Ranking Member Steve Womack (R-AR) Opening Remarks at Hearing on Strengthening Retirement Security

Remarks As Prepared For Delivery:

Thank you, Chairman Yarmuth, and thank you to our witnesses for joining us today.

Strengthening retirement security for today’s seniors and families as well as future generations is a goal we all share. The question is how we get there – especially at a time when roughly 10,000 more baby boomers reach retirement age every single day.

Let’s start with Social Security. Not only is it one of the biggest parts of our federal budget, making up 24 percent of all federal spending, it is also a primary source of retirement income for millions of Americans.

We’ve all seen the data and read the headlines – this program is in trouble.

As more Americans become eligible for Social Security benefits, and as Americans live longer, fewer Americans are entering the workforce and paying into the program. Over time, that means the money Social Security spends on benefits will outpace the revenue it brings in through payroll taxes.

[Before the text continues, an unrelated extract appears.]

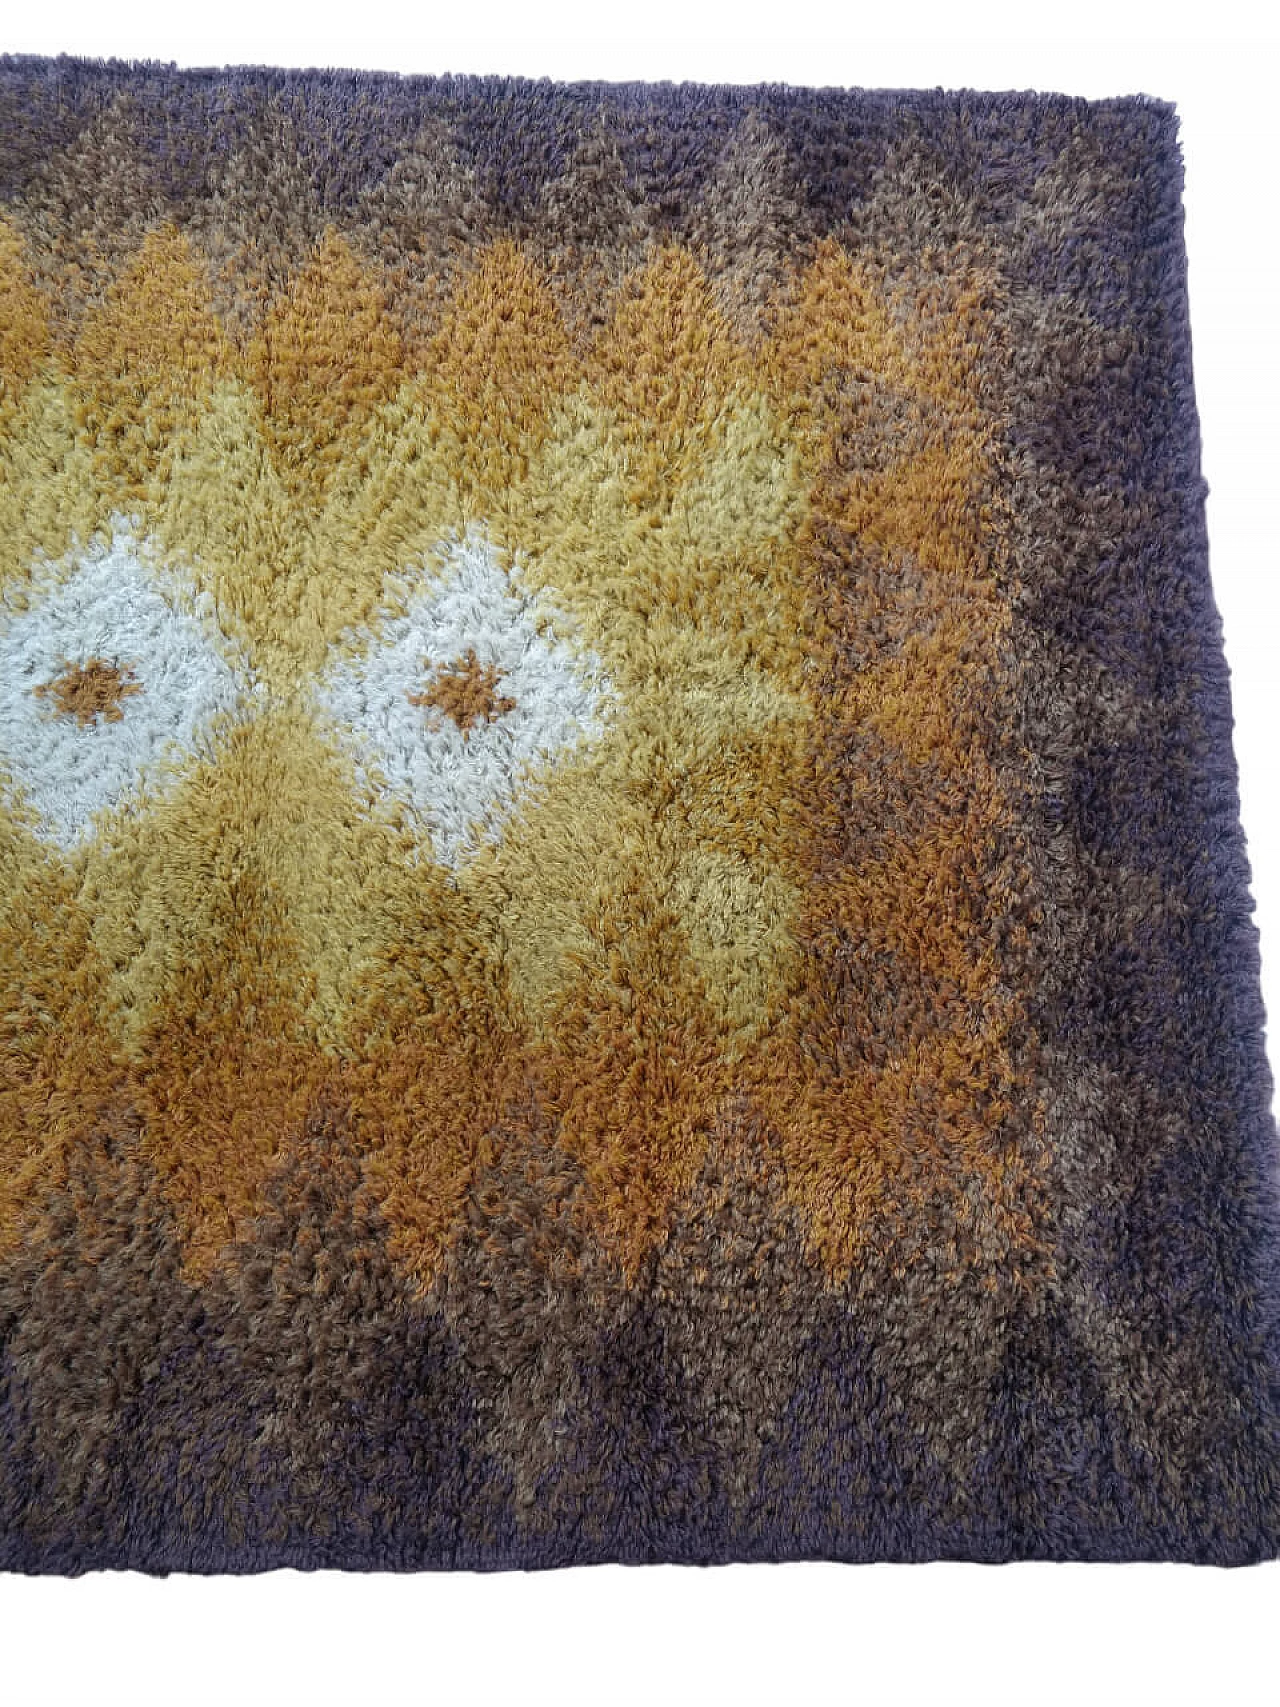 Tappeto danese geometrico in pura lana con tecnica Rya, anni '60 3

At its current rate, the program will only be able to pay three quarters of the benefits retirees were promised by the year 2035.

I agree with my friends across the aisle – that’s not right.

It’s our responsibility in Congress to prevent these across-the-board benefit cuts and make sure this important program can continue – and work better – for workers and retirees today and for generations to come.

As America’s demographics have evolved, lawmakers on both sides of the aisle have worked together on four separate occasions to pass structural reforms to improve this program.

Most recently, in 1983, Congress passed legislation to gradually increase the retirement age from 65 to 67. That was a commonsense, bipartisan idea to address the fact that Americans are living roughly 15 years longer today than they were when Social Security was first created in 1935.

I am committed to working together to uphold the history of bipartisan Social Security reforms.

One thing is certain – punishing today’s workers and job creators with enormous tax hikes is not a solution. That approach would drag down our economy and penalize Americans for working hard, hurting millennials and small business employees the most.

When it comes to Social Security, we should focus on rewarding work while targeting benefits to help vulnerable Americans.

We can also strengthen retirement security for all Americans by continuing to promote policies that fuel our economy.

With more jobs, record-low unemployment, record-high wage gains, and a growing economy, workers and families are able to save and invest more for their future.

That’s not only led to record-high contributions, it’s also led to increased optimism.

A recent CNBC poll found that a majority of Americans are feeling more confident about saving for retirement today than they felt three years ago.

And in a survey conducted by the Federal Reserve, 75 percent of retirees believe they have enough retirement income to maintain their standard of living.

We should focus on solutions that build on this progress and help even more Americans save.

For example, the Setting Every Community Up for Retirement Enhancement Act of 2019, or the SECURE Act, introduced by bipartisan leaders on the Ways and Means Committee, would strengthen retirement security by encouraging job creators of all sizes to offer full- and part-time employees more retirement options.

I look forward to exploring more bipartisan solutions like this today.

With that, thank you again for holding this hearing, Mr. Chairman. I yield back.